Go in and try be reasonable first and if that doesn't work threaten them with the small claims court..I think it only costs 13 or 14 euro.  But claims have to be under 2000 euros, hence the name .  Some districts can even process the application online...see the link below. 



If that doesn't work, call Joe Duffy!


----------



## joanmul (6 May 2007)

eviecarwash said:


> Hi,
> I was doing a bit of housework yesterday but nothing major!


 
I take mine off when I am at home - always. Gold can be quite soft and wear down and this might be happening to the claw setting of yours.


----------



## eviecarwash (7 May 2007)

Thanks for the replies guys.  I was told last time by the jeweller that the claws wear down all right, but surely they shouldn't wear down so fast, I mean a year?  Is it reasonable to have to bring your ring back every year to get the claws strenghtened?  This is money they'll be making off me every year!  _Is everyone else doing this??_
Thanks very much,
Eviecarwash.


----------



## mo3art (7 May 2007)

Have you considered asking your jeweller to set the diamonds in a platinum claw setting - check what the cost would be?  It means that they are strongly secured, as opposed to set in gold which can be softer.


----------



## Ravima (7 May 2007)

depends on the use of your hands!
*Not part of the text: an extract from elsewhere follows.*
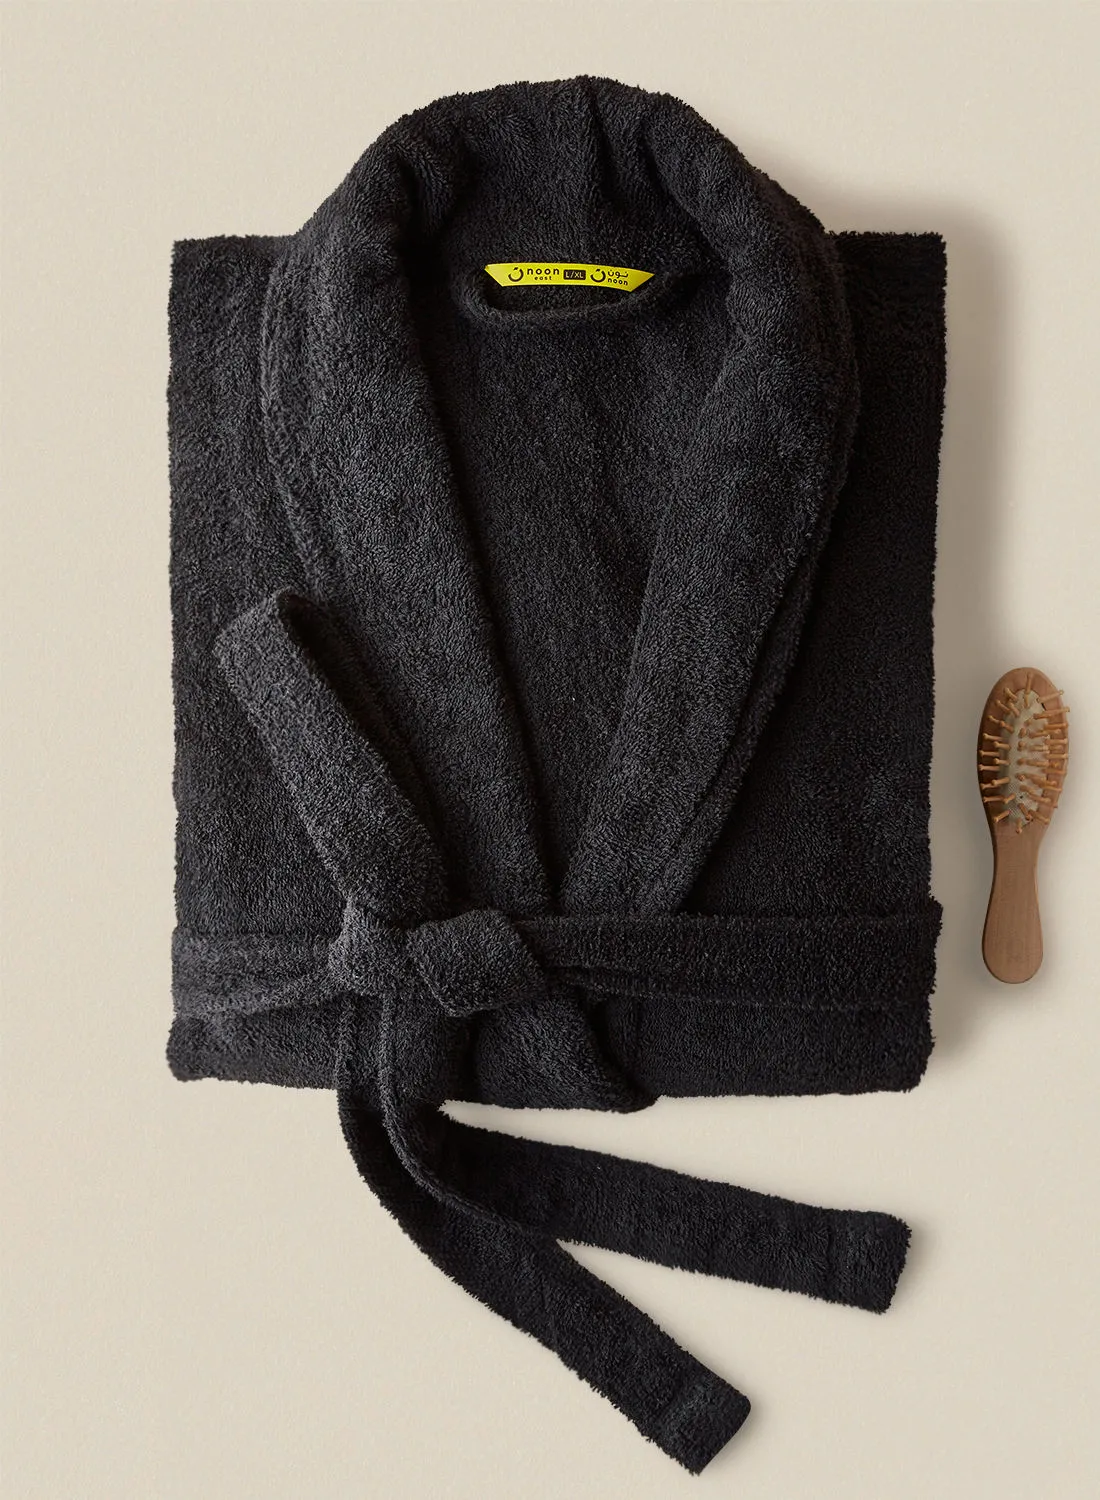 noon east Bathrobe - 380 GSM 100% Cotton Terry Silky Soft Spa Quality Comfort - Shawl Collar & Pocket - Black Color - 1 Piece

If you are rough on the ring, then naturally enough, claws can get stuck on clothes, threads etc. They migth get banged about in the sink ,gardening, cleaning fireplace out. If you are a manual worker and wear the ring or do a lot of DIY, then it all takes its toll.

also, how many stones - is is a three or five stone ring, or a multistone with tens/hundreds of stones.

I would suggest that you get the ring properly fixed this time round and mind it from then on. 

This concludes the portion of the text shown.